Robot drones, mine detectors and sensing devices are already common on the battlefield but are controlled by humans. Many of the drones in Iraq and Afghanistan are operated from a command post in Nevada. Dr. Arkin is talking about true robots operating autonomously, on their own.
He and others say that the technology to make lethal autonomous robots is inexpensive and proliferating, and that the advent of these robots on the battlefield is only a matter of time. That means, they say, it is time for people to start talking about whether this technology is something they want to embrace. “The important thing is not to be blind to it,” Dr. Arkin said. Noel Sharkey, a computer scientist at the University of Sheffield in Britain, wrote last year in the journal Innovative Technology for Computer Professionals that “this is not a ‘Terminator’-style science fiction but grim reality.”
He said South Korea and Israel were among countries already deploying armed robot border guards. In an interview, he said there was “a headlong rush” to develop battlefield robots that make their own decisions about when to attack.
“We don’t want to get to the point where we should have had this discussion 20 years ago,” said Colin Allen, a philosopher at Indiana University and a co-author of “Moral Machines: Teaching Robots Right From Wrong,” published this month by Oxford University Press.
Randy Zachery, who directs the Information Science Directorate of the Army Research Office, which is financing Dr. Arkin’s work, said the Army hoped this “basic science” would show how human soldiers might use and interact with autonomous systems and how software might be developed to “allow autonomous systems to operate within the bounds imposed by the warfighter.”
“It doesn’t have a particular product or application in mind,” said Dr. Zachery, an electrical engineer. “It is basically to answer questions that can stimulate further research or illuminate things we did not know about before.”

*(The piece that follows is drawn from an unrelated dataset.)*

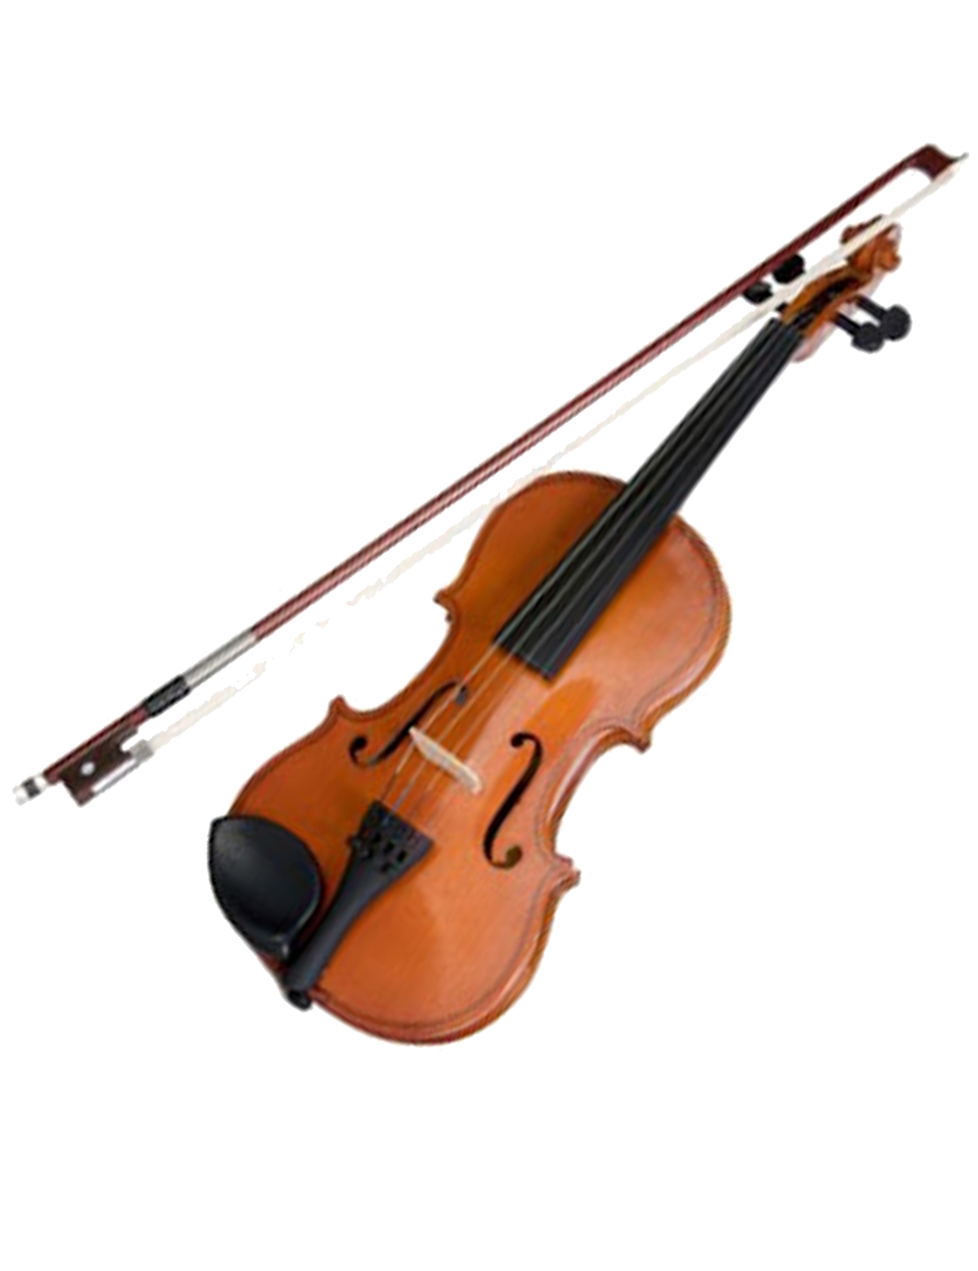 Violine und Bogen, Musikinstrument

And Lt. Col. Martin Downie, a spokesman for the Army, noted that whatever emerged from the work “is ultimately in the hands of the commander in chief, and he’s obviously answerable to the American people, just like we are.
In a report to the Army last year, Dr. Arkin described some of the potential benefits of autonomous fighting robots. For one thing, they can be designed without an instinct for self-preservation and, as a result, no tendency to lash out in fear. They can be built without anger or recklessness, Dr. Arkin wrote, and they can be made invulnerable to what he called “the psychological problem of ‘scenario fulfillment,’ ” which causes people to absorb new information more easily if it agrees with their pre-existing ideas.
” Rest at link.
I think there is already a good code for robots.
That penned by Asimov.
A robot shall not cause harm to a living being, nor allow harm to come to a living being through inaction. If I remember it right.